§ What you need to do
Restate exactly, and only, the lines from the one with "Mountain Hiking Mid" through the end of the data, with both of those end lines kept. Drop any pictures.

§ Material provided
^^^^^^^^^^^^^^^^
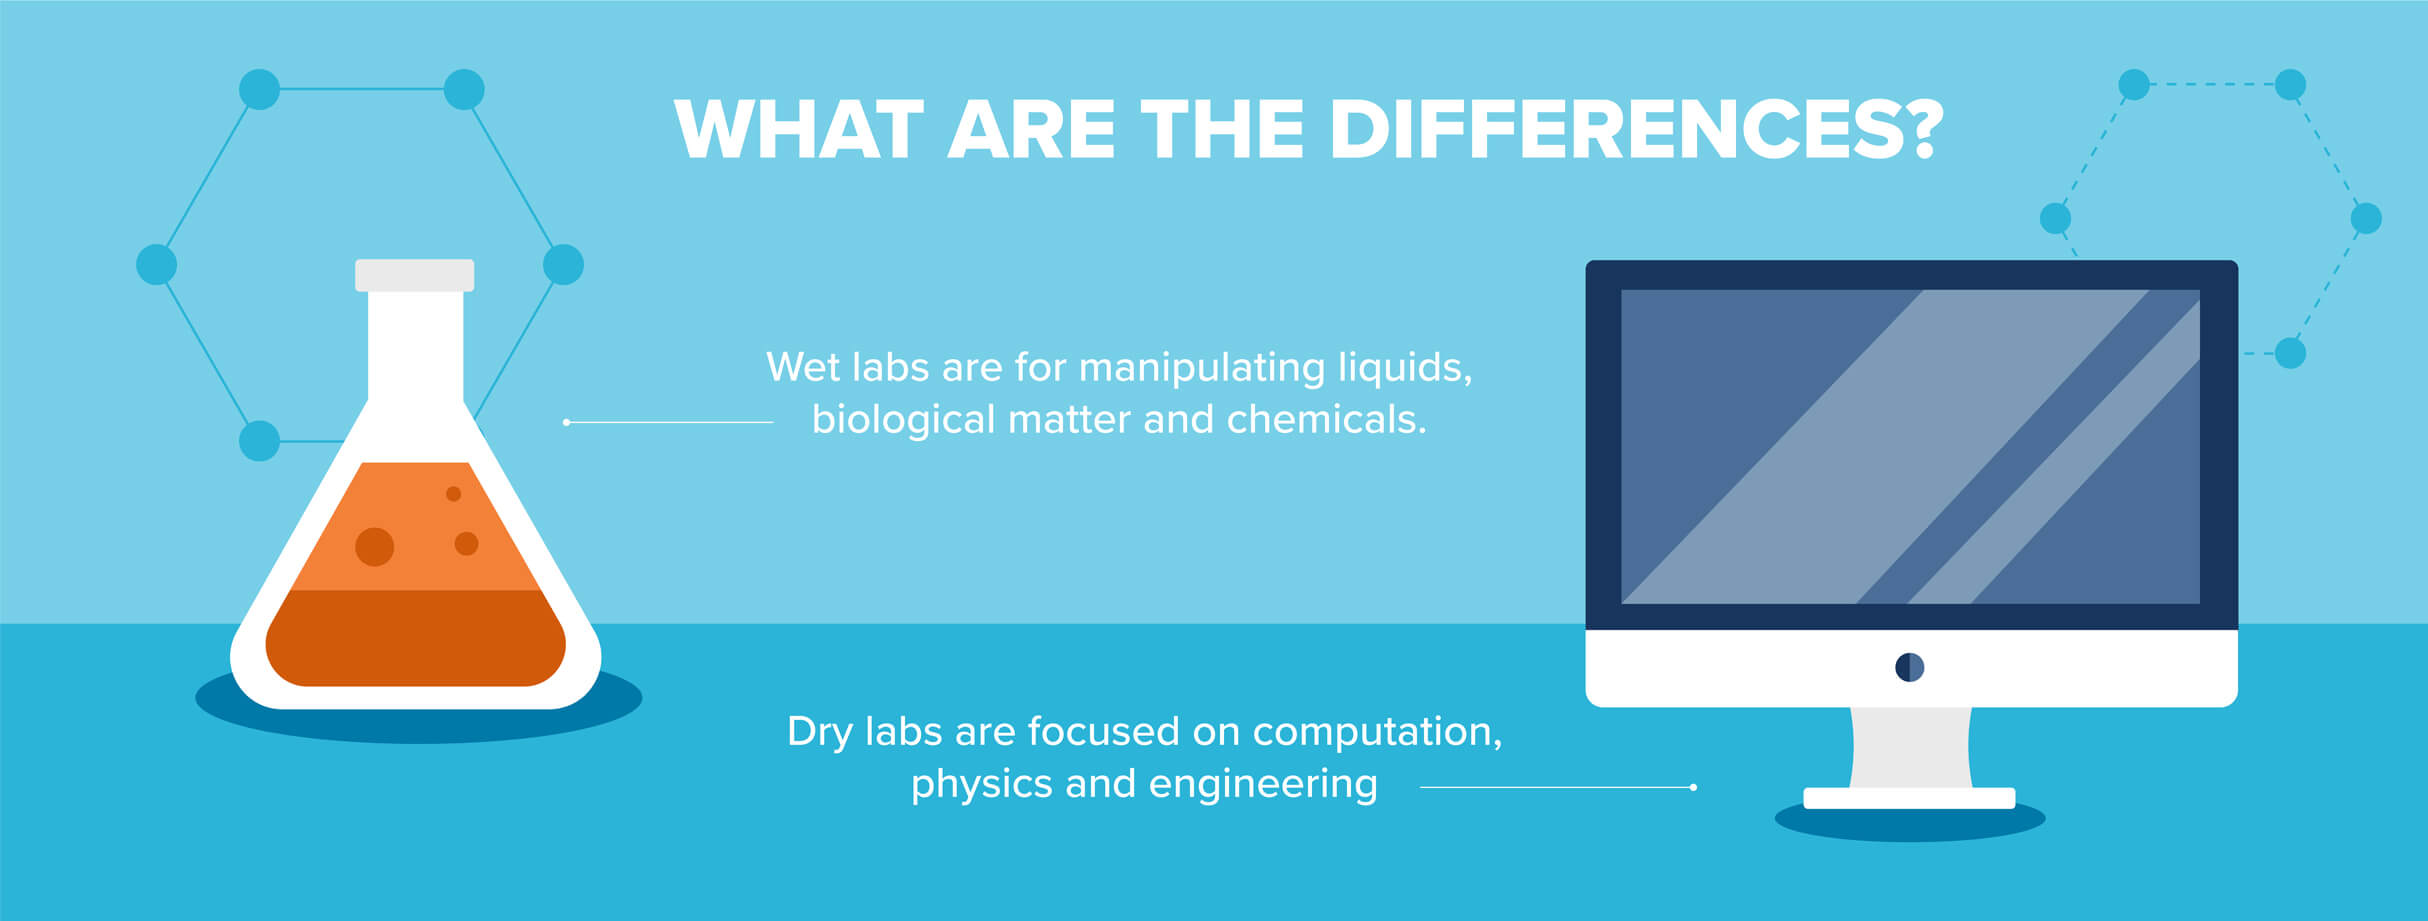 Wet Lab vs Dry Lab Differences
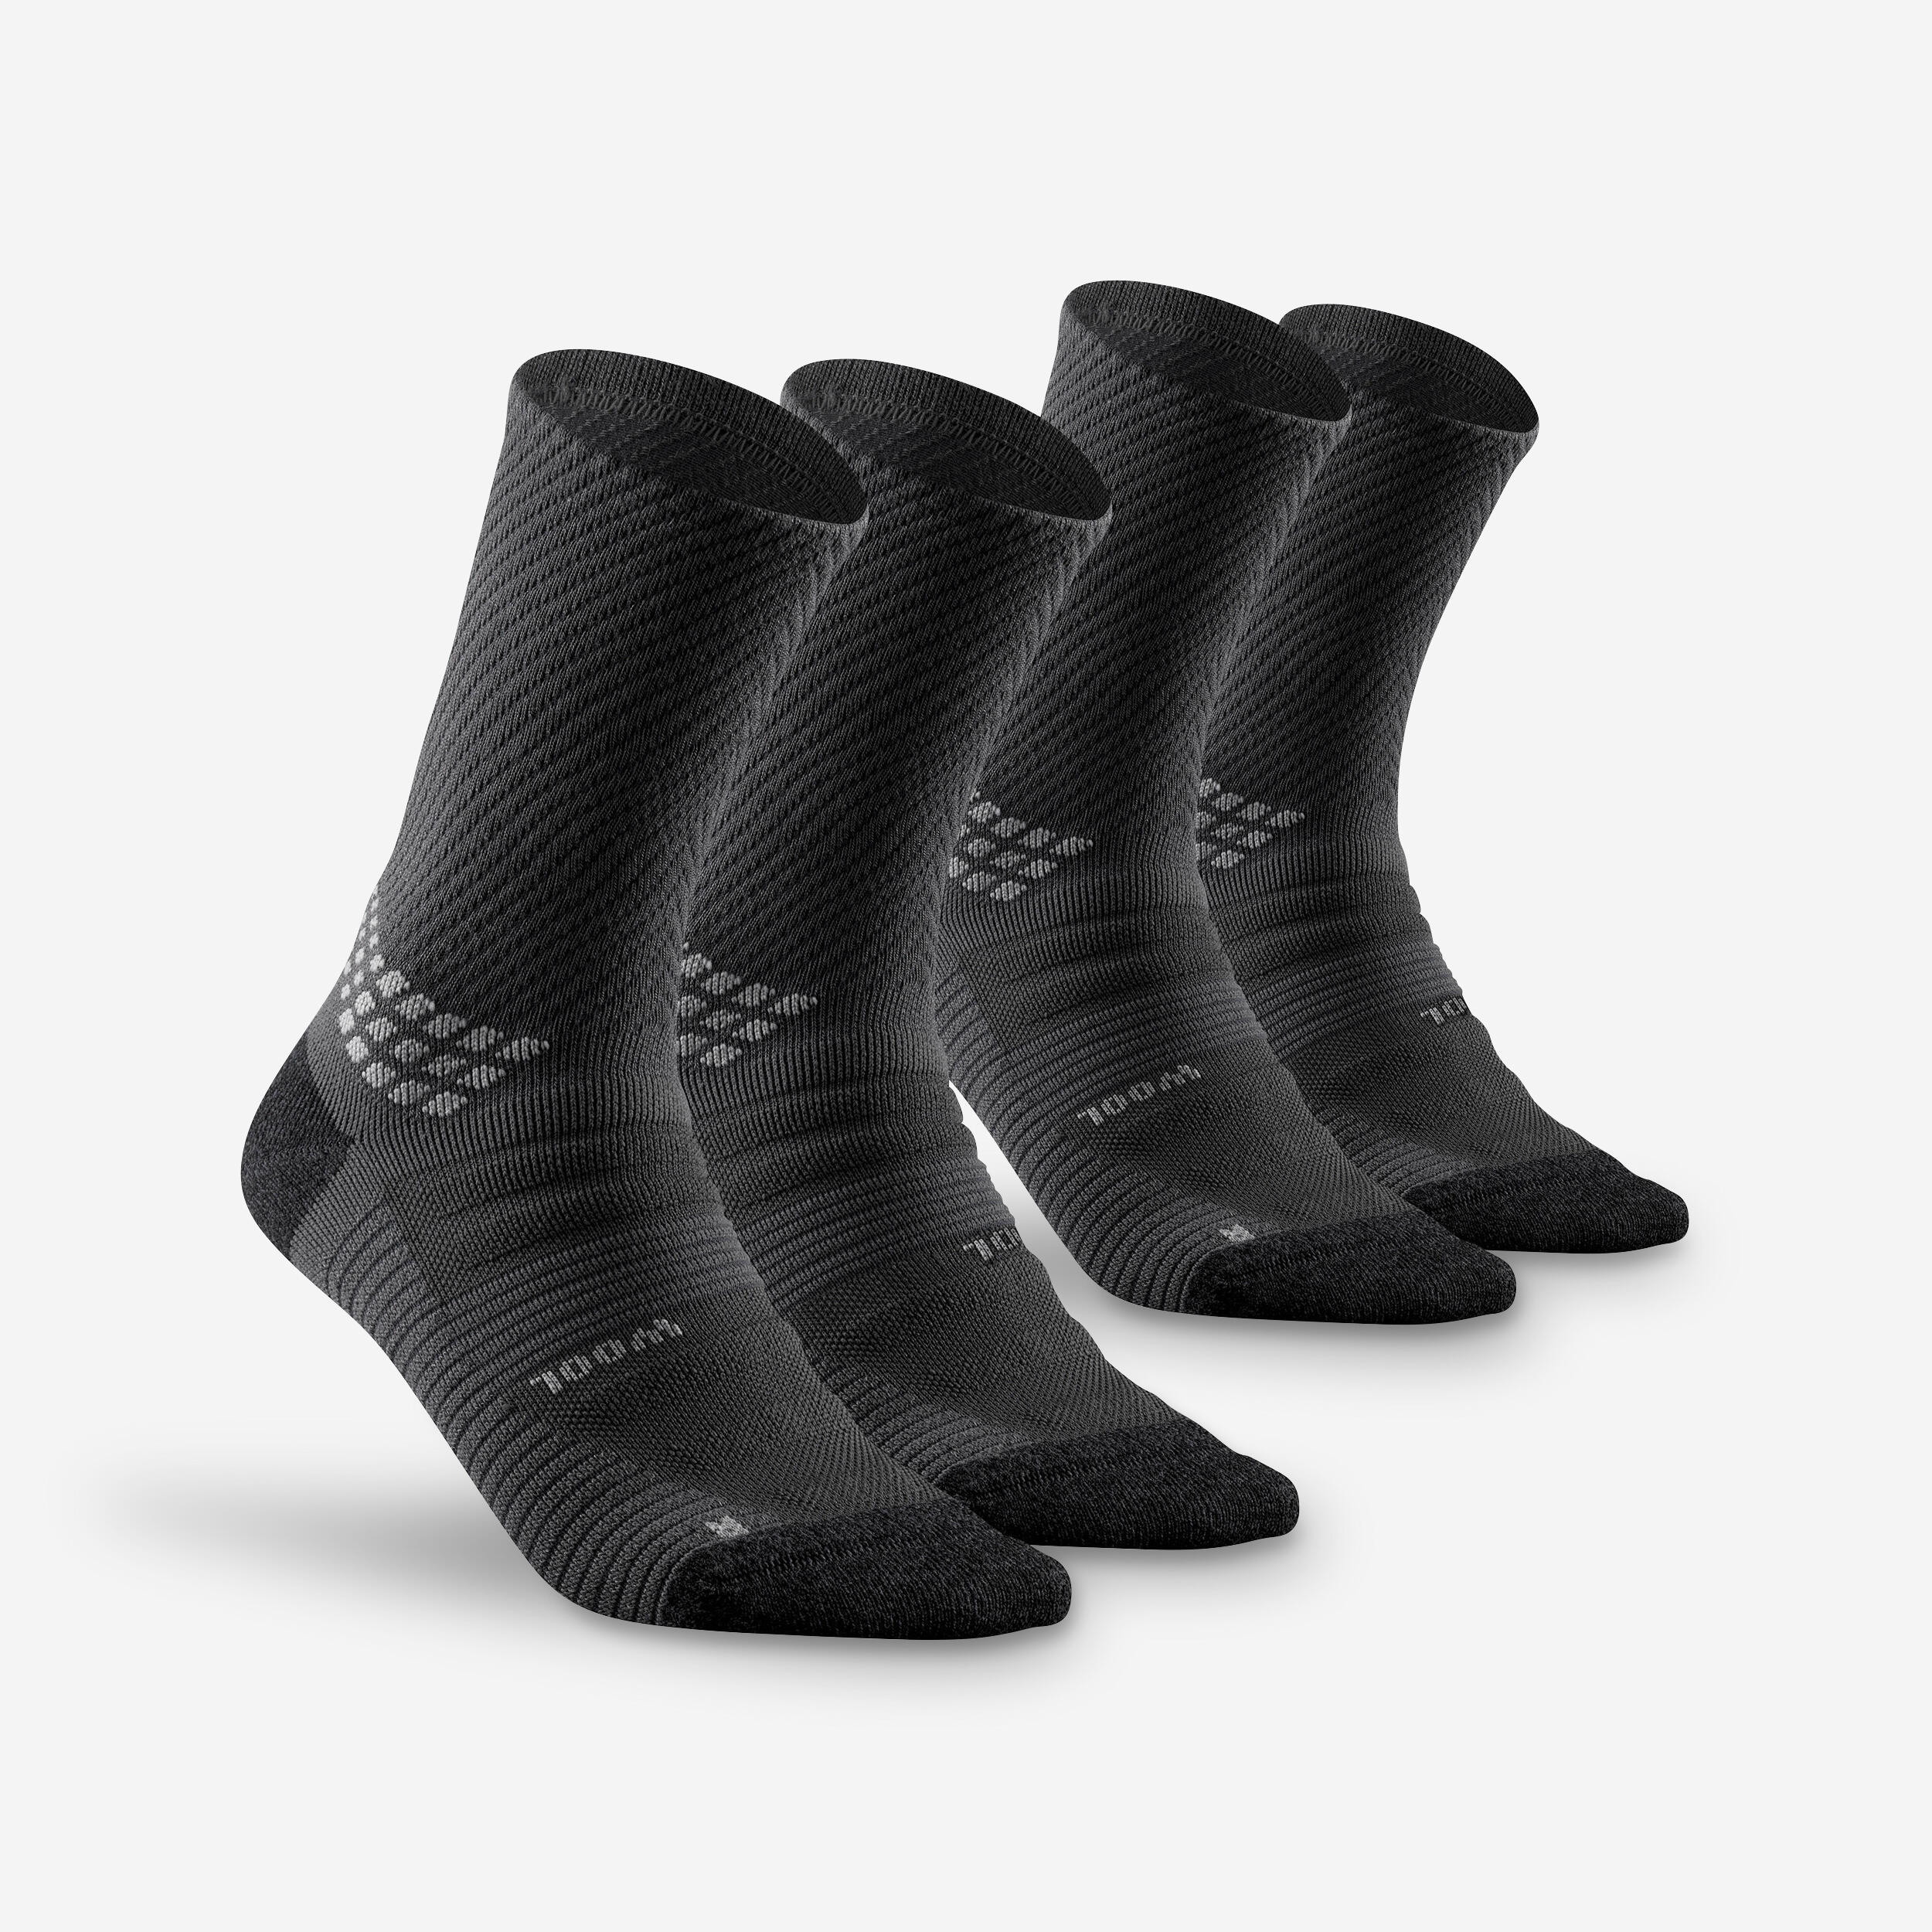 Mountain Hiking Mid Socks Quechua MH900 x 2 Pairs - Black
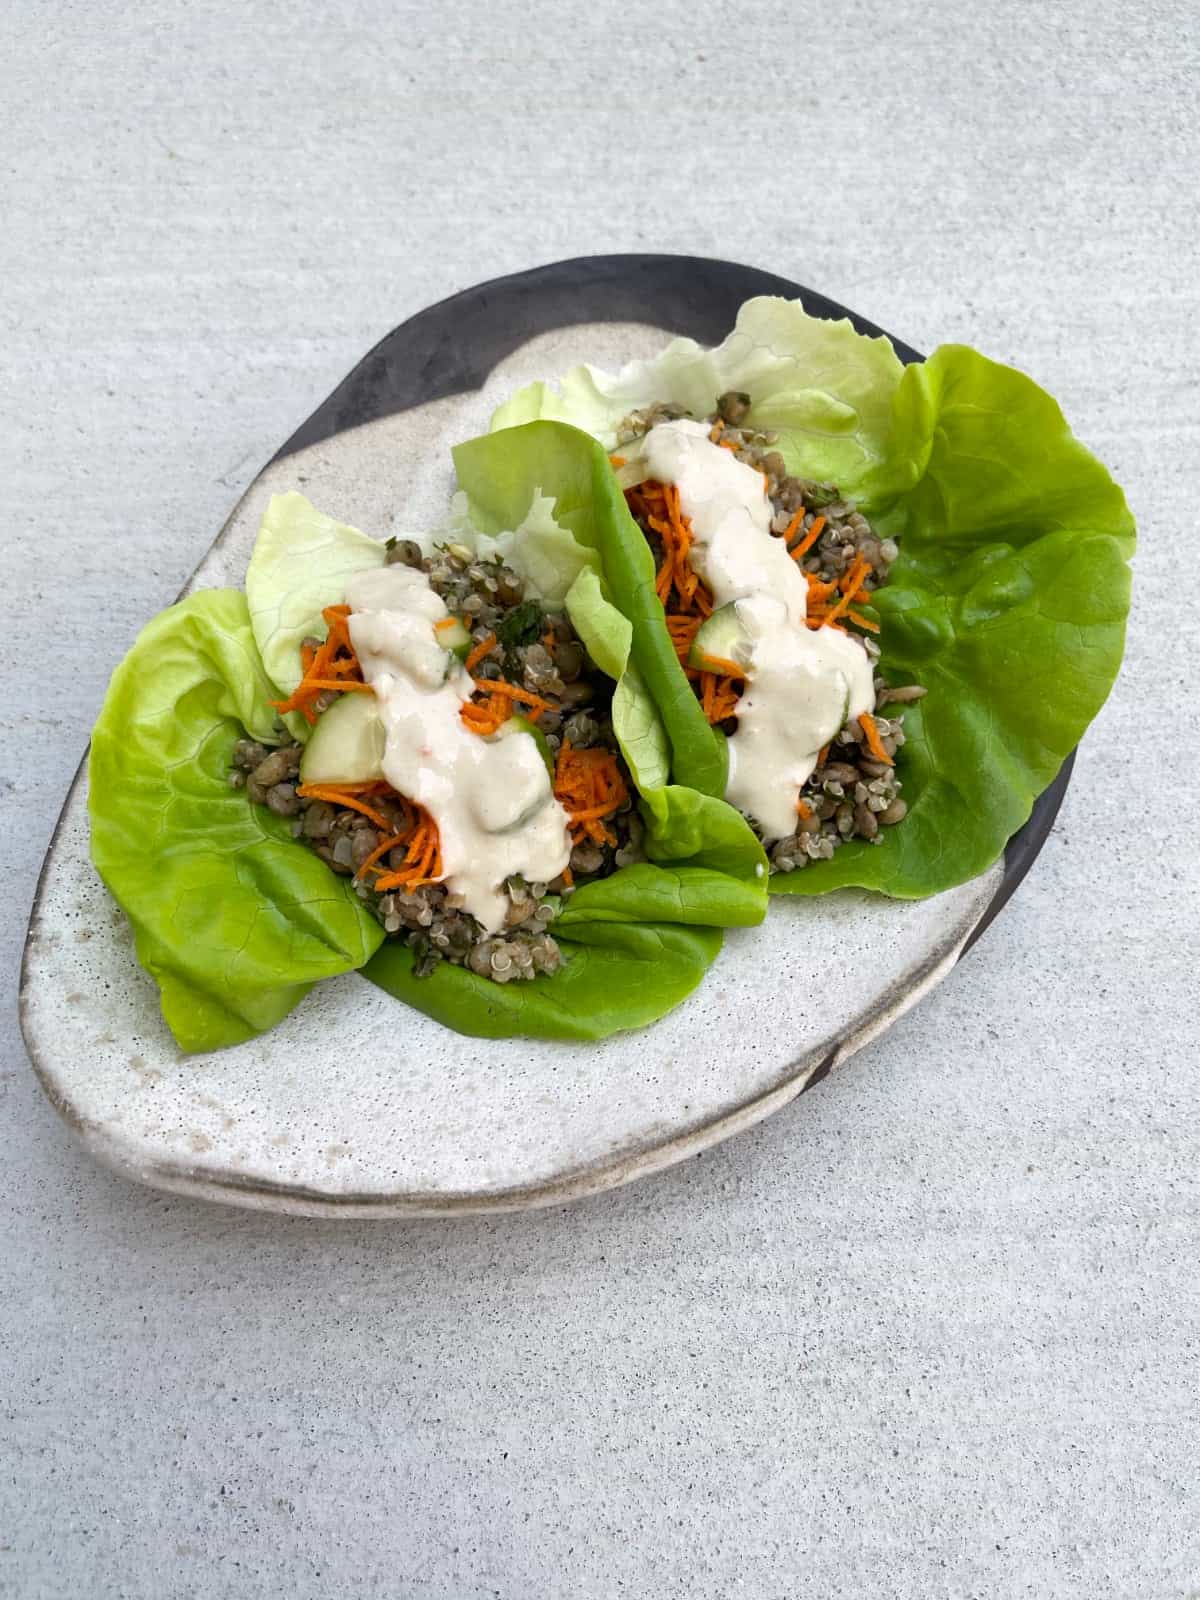 Mediterranean lettuce wraps with lentils and quinoa on ceramic plate.
^^^^^^^^^^^^^^^^
§ Reply to the task
 Mountain Hiking Mid Socks Quechua MH900 x 2 Pairs - Black
 Mediterranean lettuce wraps with lentils and quinoa on ceramic plate.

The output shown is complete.